The Free Thinkers guide to the Bible
Part 1 Summary
Hopefully you have read all five of the Part one studies in order. I hope they were eye opening and answered some of your questions, and better yet, brought more questions to mind.
In part one; I provided you with examples of five distinct editing styles that merge the accounts/stories of two distinct writers. I will build on these accounts and others in further studies, as well as add many more examples to provide you with a preponderance of evidence.
If you continue the studies until the end, it is my hope and expectation that you will have fully removed the veil that has been placed over your eyes by the writers/editors of the first five books of the bible.
The five editing examples we covered in Part 1:
One occasion where two authors’ with similar stories that are cunningly intermixed – The Flood account in Genesis chapter six.
Two separate author’s accounts of the same story stitched together and appearing to be a continuous account. – In the Beginning/The Creation story - Genesis chapters one and two.

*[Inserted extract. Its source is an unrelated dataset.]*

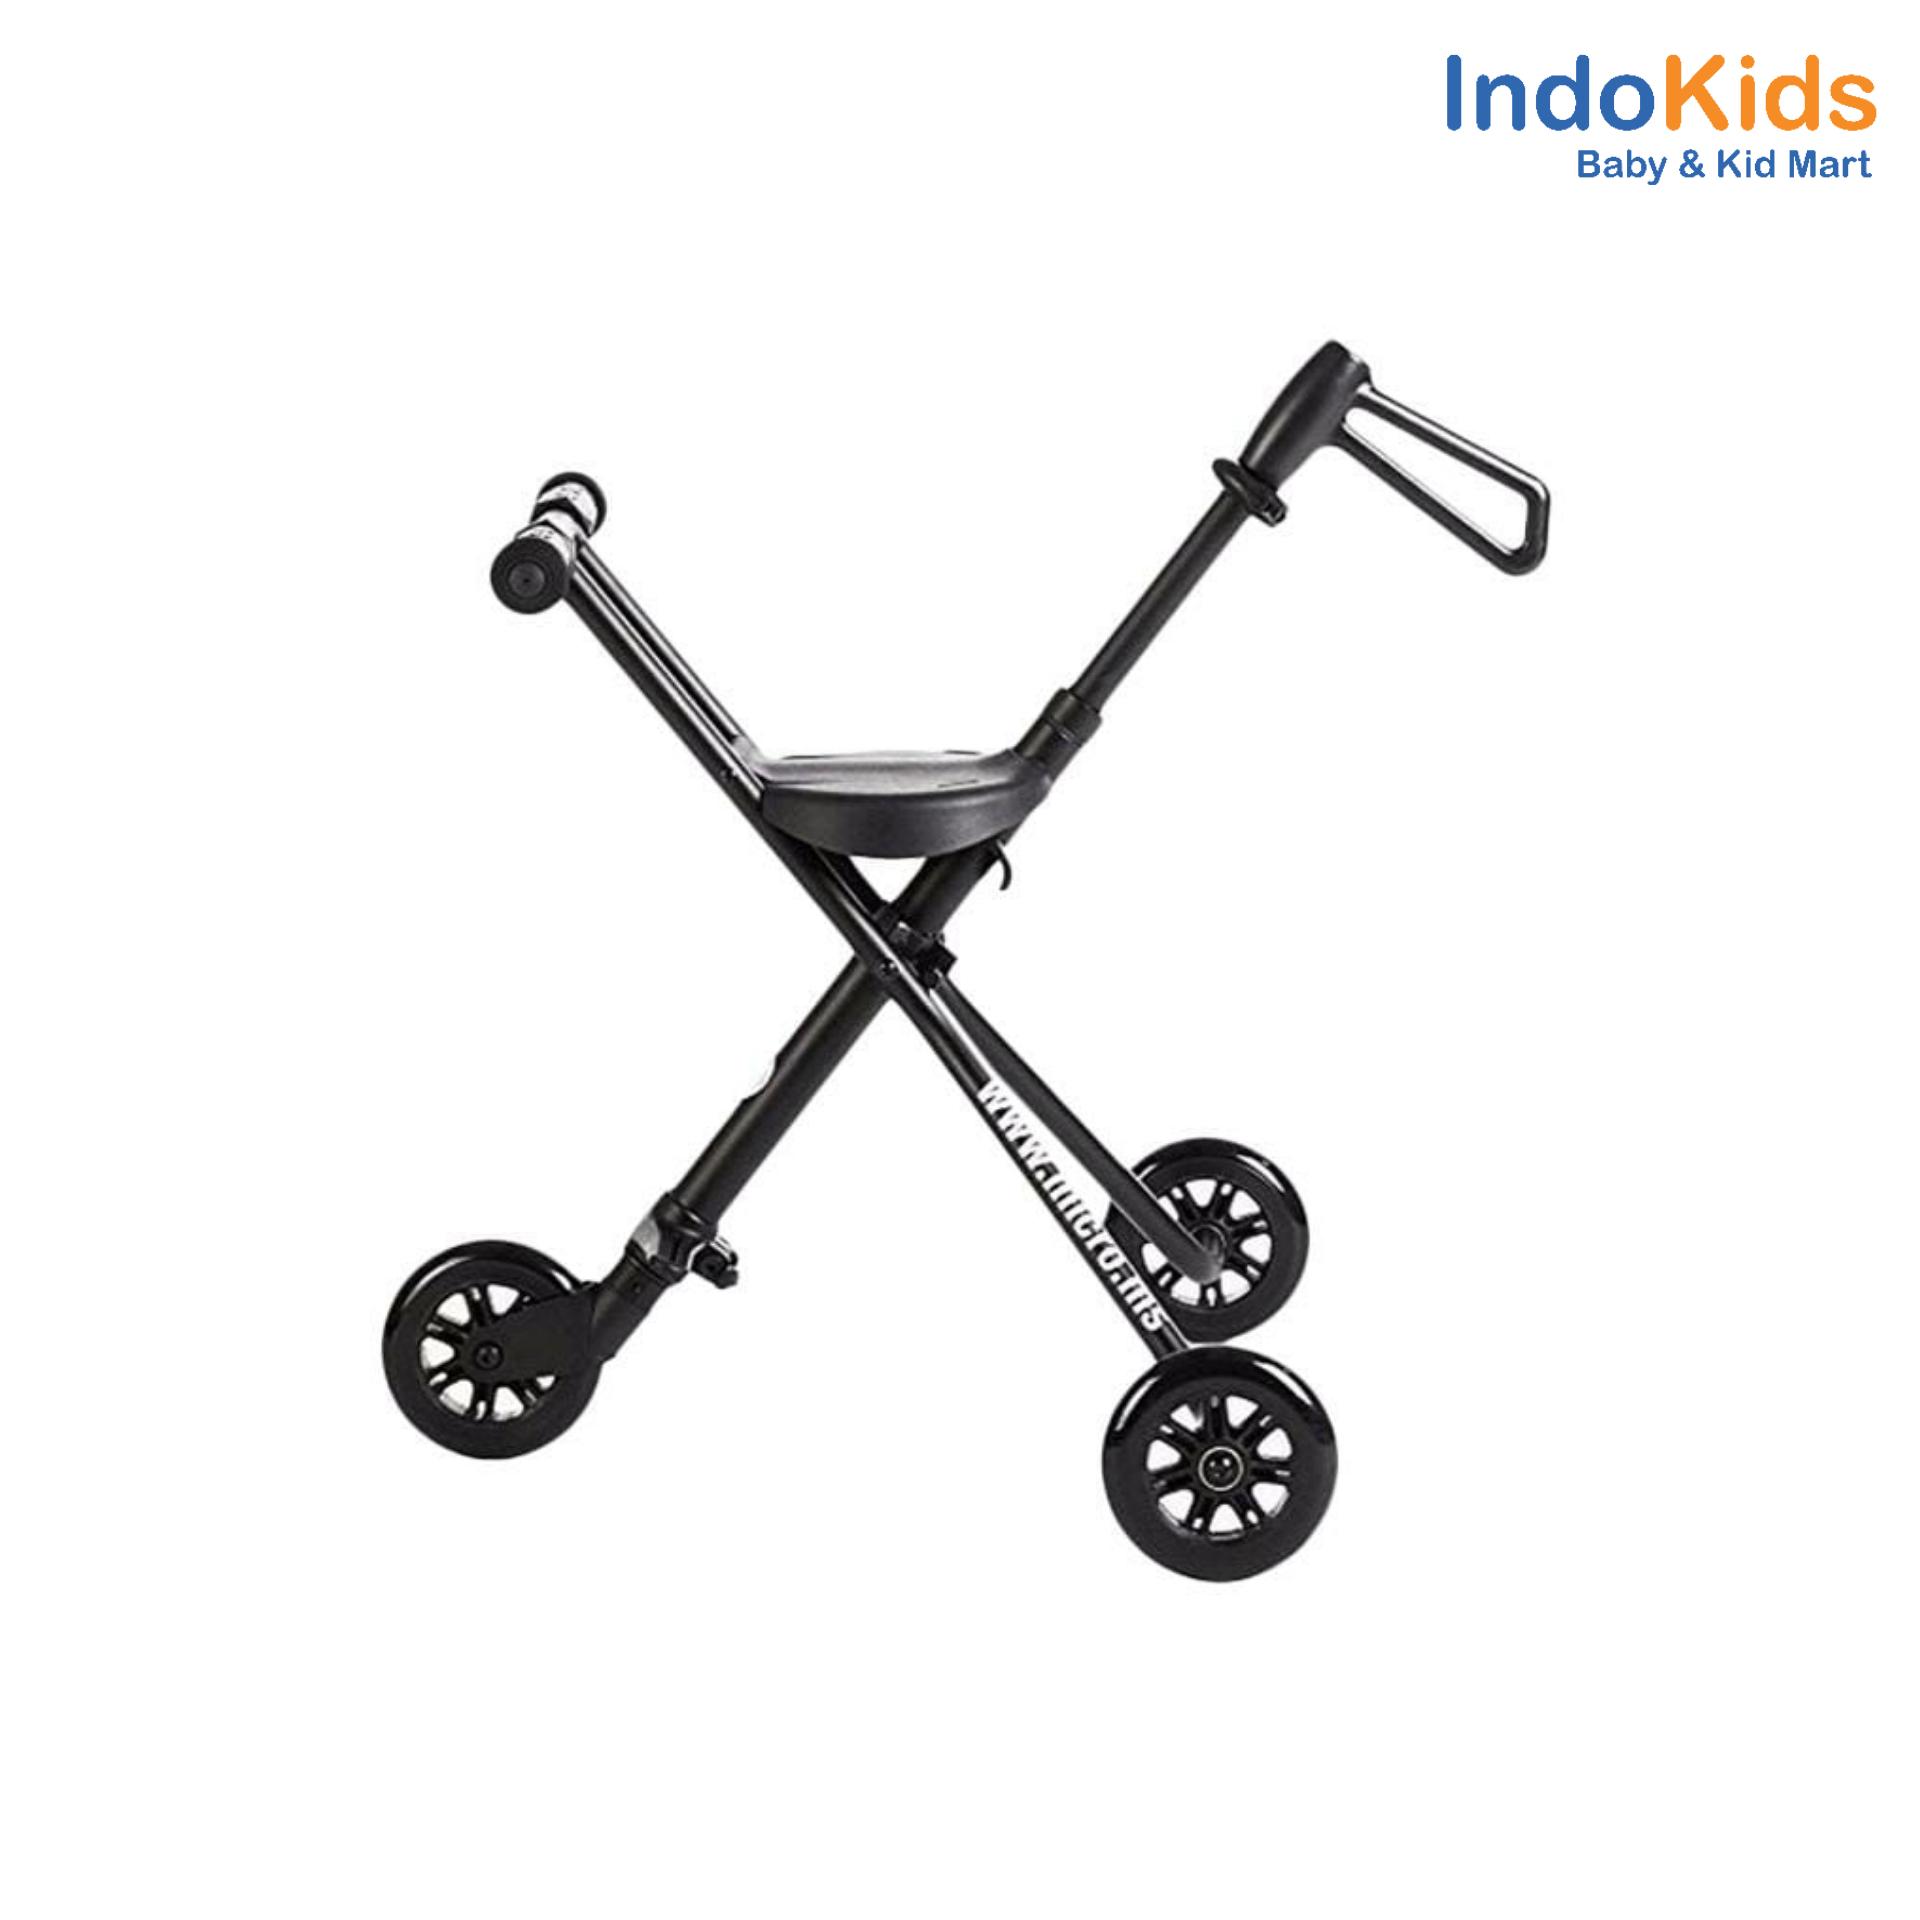 Micro Trike Deluxe - Mini Stroller

Two separate author’s accounts of the same event in two separate books – The Waters of Meribah in Exodus chapter seventeen and The Waters of Meribah in Numbers chapter twenty.
One account with two unrelated stories stitched together to look like one continuous story – The heresy at Peor in Numbers twenty-five.
One occasion where two authors’ with unrelated stories are intermixed to look like one continuous story - The Rebellion account in Numbers chapter sixteen. This account also includes the adding of the name of Korach in three places in the other writers story.
After completing Part one of the series you should be discerning writing patterns and beginning to distinguish between the two authors by their writing styles, stories context, key words and key people. As you have read in the examples, the editors/writers are clearly quite adept at their craft.